Олениной никто бы сорок не дал. А между тем сорок исполнялось день в день с юбилеем компании. Ну, и отмечать на работе собирались все кучей: два юбилея (без упоминания возраста шефини, конечно) и невиданный успех: компания начала торговаться на Лондонской бирже и выросла вдвое.
Чтоб оценить масштаб этого события надо знать историю. И компании, и Олениной – «цифровой Золушки», как зовут ее в желтой прессе.

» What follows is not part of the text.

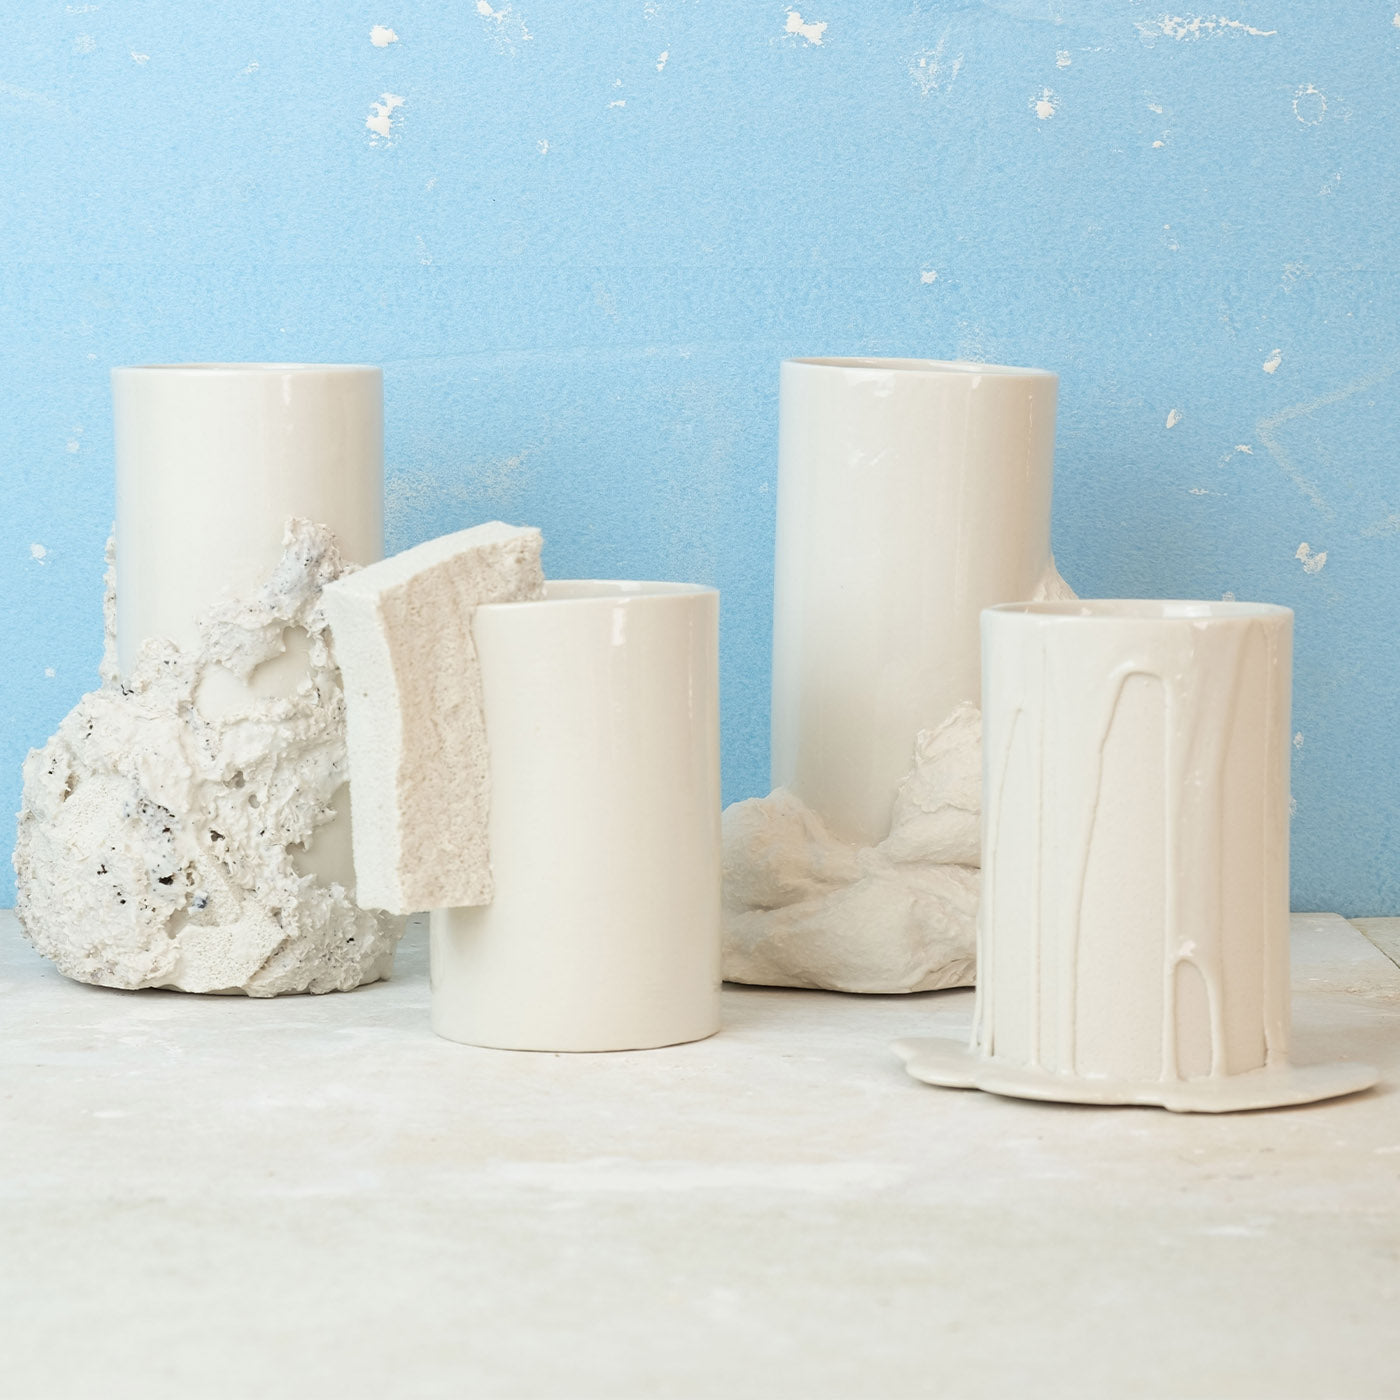 Set Of 4 Vases With Sponges And Lichens By Patricia Urquiola - Alternative view 1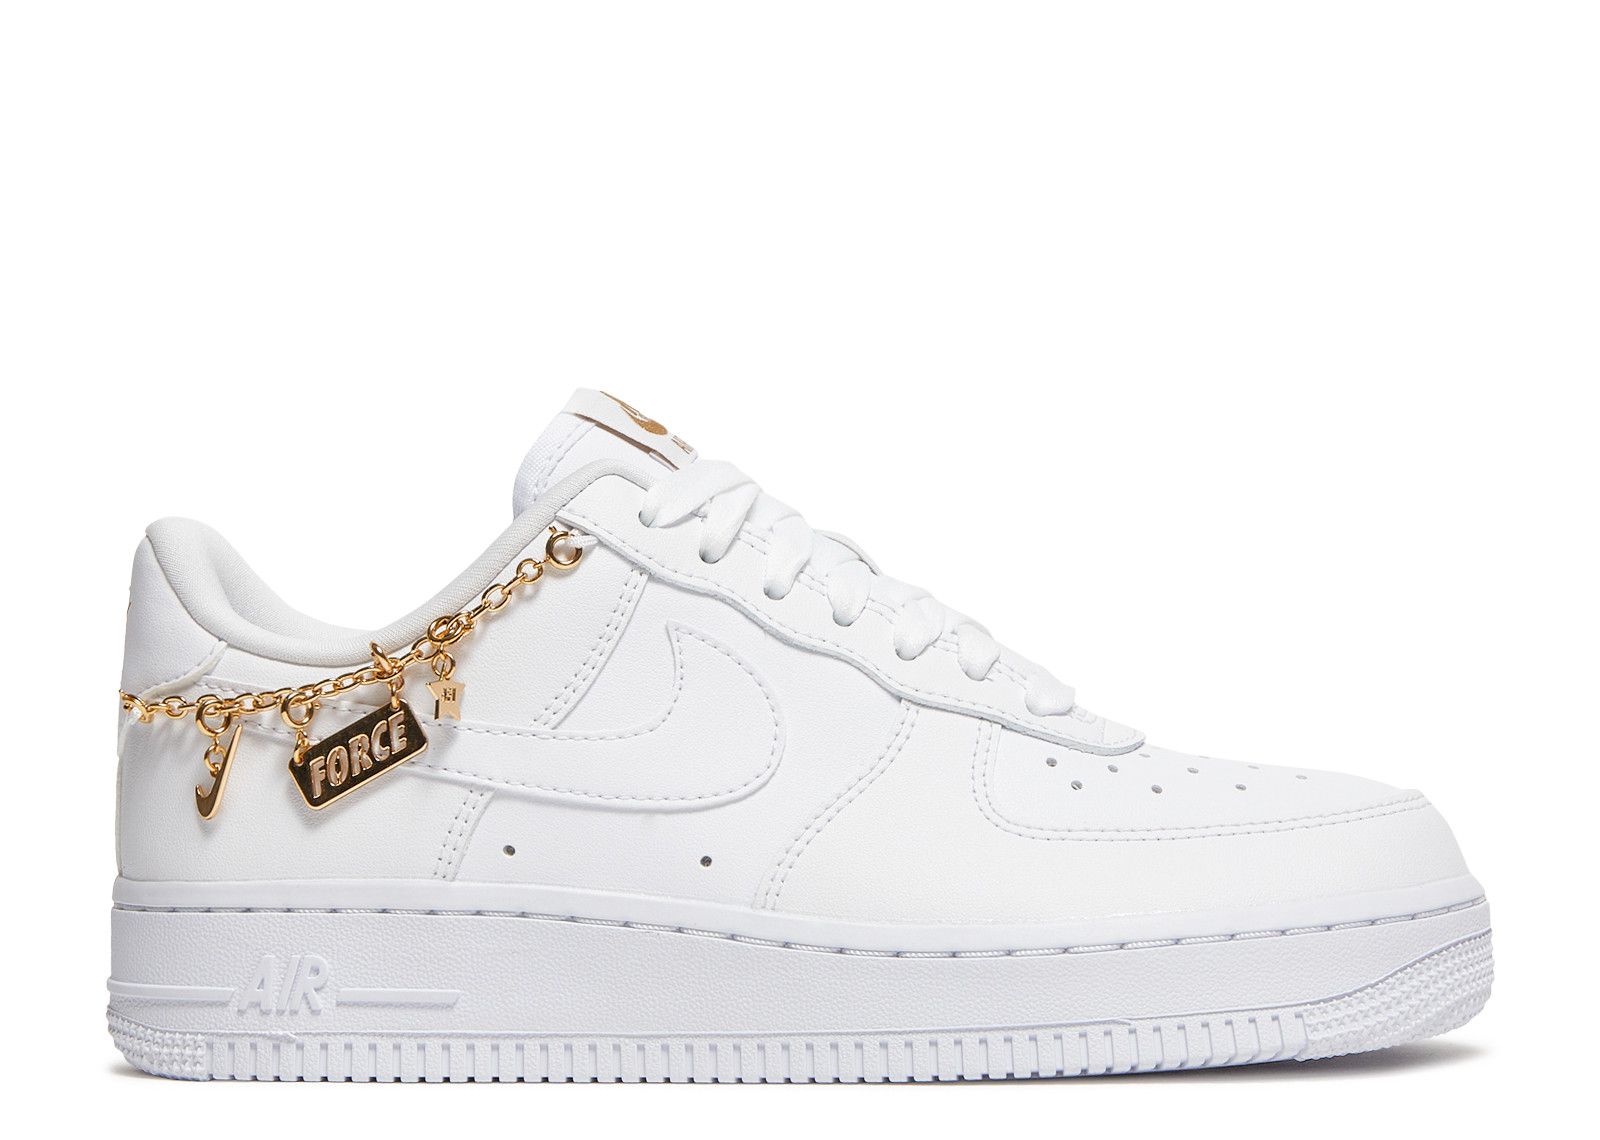 Wmns Air Force 1 '07 LX 'Lucky Charms' - Nike - DD1525 100 - white ...

Девочка-зубрилка с прикладной математики из 90-х безо всяких «ляг под начальника», «купи-продай», «поставь утюг на пузо», «отожми и приватизируй», только силой мысли создает бизнес, придумывает антивирус, которых и без того на рынке полно, но который почему-то теснит импортных собратьев. Потом еще продукты. Сначала робко: русификатор, менеджер загрузки, плейер, потом почта, банк, телеграф… тьфу… то есть, браузер, и, наконец, собственная соцсеть и на подходе – операционная система. И компания растет, растет и вырастает до мегахолдинга. И вот - Оленина на вершине. Ей сорок, компании двадцать, прекрасная семья, неиспорченные дети, верный муж-соратник, светлые дали, отменное здоровье…
Вот именно со здоровьем и именно, когда Оленину чествовали на фирме и искренне (что редкость) признавались ей в любви подчиненные, а она ответил зажигательной речью, что-то пошло не так. Оленина попросту вдруг побледнела и брякнулась, как куль. Честно говоря, странности в течение последнего года уже случались. Однажды Оленина вдруг безо всякой серьезной причины, слово за слово, запустила вазой в любимую бессменную секретаршу Анну Филипповну. Потом, рыдая, просила у нее прощения. Она вообще стала вдруг беспричинно рыдать в самые неподходящие моменты, и сама не могла объяснить, почему. Просто подкатывало. Потом чуть не подралась с Трофимовым, сотрудником известным свое медлительностью. А однажды - застряла в лифте, и на нее нашел такой панический страх, что, пока ремонтировали, орала, как зарезанная, на весь офис. А теперь вот – обморок.
Эскулапы озадачили. Сердце в порядке. Голова тоже. Вредных привычек отродясь не было. Фитнесс, здоровое питание, чистая совесть. Переутомление? Да, вроде, старалась не загонять себя. Не девочка, понимает, что силы надо беречь.
«А страх?», - спросил похожий на домового психолог: «Страхи-то накапливаются». «Какие еще страхи? Я ничего не боюсь». «Потерять». «Что потерять?». «Да мало ли? Ключи от машины, деньги, работу, положение, близких, любовь, дружбу… Все, что имеем. Эпоха такая. Человек мерится тем, что имеет. Поэтому хочет иметь, как можно больше. А чем больше имеет, тем больше боится потерять».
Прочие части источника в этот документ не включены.